- **Required action**:
Copy the listing below line for line, from its opening line to the one with "Bosch Hammer Drill", both included; stop there.

- **Provided records**:
◆ ◆ ◆ ◆ ◆ ◆ ◆

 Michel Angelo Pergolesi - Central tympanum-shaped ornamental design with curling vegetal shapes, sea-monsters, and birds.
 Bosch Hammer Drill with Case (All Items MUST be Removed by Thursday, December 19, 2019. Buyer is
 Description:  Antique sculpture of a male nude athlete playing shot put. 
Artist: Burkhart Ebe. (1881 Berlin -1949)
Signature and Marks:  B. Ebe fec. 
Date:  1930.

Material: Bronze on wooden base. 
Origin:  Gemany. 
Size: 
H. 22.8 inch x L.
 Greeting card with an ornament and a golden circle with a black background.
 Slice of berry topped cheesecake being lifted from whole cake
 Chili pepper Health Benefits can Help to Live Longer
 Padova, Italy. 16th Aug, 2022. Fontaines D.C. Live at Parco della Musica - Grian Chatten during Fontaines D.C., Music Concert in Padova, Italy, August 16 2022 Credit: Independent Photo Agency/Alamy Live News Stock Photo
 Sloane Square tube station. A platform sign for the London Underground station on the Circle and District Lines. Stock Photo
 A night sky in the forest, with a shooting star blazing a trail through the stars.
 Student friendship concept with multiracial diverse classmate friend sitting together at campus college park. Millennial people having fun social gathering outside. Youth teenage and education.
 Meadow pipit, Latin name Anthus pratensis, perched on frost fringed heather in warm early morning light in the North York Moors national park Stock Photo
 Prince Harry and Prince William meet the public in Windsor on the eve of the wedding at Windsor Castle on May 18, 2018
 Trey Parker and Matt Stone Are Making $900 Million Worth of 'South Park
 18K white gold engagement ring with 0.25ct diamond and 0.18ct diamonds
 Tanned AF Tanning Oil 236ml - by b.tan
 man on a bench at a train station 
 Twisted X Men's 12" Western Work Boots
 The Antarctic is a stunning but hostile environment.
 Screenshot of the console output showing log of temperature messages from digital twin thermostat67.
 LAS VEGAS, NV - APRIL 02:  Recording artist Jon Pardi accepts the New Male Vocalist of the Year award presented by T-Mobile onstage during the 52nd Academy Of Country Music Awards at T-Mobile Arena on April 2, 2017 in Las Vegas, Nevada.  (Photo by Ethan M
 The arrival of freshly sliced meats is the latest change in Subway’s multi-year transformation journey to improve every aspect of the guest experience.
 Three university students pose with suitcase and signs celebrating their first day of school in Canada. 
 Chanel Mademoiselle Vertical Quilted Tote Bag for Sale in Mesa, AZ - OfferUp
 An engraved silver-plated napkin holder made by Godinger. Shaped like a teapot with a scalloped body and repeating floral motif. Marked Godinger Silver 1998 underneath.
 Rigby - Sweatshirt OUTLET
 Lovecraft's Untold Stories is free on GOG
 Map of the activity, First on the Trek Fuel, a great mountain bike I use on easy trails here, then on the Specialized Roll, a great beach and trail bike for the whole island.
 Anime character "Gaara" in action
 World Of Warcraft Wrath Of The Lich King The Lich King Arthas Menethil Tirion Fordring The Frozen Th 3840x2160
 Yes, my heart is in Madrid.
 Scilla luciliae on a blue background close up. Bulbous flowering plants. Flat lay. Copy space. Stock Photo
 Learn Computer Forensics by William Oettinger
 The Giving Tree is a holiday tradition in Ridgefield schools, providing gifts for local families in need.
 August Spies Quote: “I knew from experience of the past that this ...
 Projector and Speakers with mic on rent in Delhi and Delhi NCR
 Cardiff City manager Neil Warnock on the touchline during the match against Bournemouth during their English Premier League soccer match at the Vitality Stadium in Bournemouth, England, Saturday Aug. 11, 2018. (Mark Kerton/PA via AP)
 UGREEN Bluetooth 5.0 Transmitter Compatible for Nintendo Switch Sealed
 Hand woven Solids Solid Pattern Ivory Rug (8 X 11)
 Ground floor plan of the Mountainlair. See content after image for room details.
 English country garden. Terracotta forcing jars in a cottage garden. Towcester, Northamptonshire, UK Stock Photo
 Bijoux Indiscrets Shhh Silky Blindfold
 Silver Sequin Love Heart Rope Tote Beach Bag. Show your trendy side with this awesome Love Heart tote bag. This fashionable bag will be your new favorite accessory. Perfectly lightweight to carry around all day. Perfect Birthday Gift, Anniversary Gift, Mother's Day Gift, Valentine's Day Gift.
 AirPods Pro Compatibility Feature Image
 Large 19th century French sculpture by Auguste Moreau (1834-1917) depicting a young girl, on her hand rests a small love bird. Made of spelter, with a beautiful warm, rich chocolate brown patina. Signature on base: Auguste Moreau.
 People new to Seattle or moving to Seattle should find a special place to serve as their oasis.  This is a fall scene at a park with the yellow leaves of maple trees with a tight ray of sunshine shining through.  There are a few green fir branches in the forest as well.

◆ ◆ ◆ ◆ ◆ ◆ ◆

- **Solution below**:
 Michel Angelo Pergolesi - Central tympanum-shaped ornamental design with curling vegetal shapes, sea-monsters, and birds.
 Bosch Hammer Drill with Case (All Items MUST be Removed by Thursday, December 19, 2019. Buyer is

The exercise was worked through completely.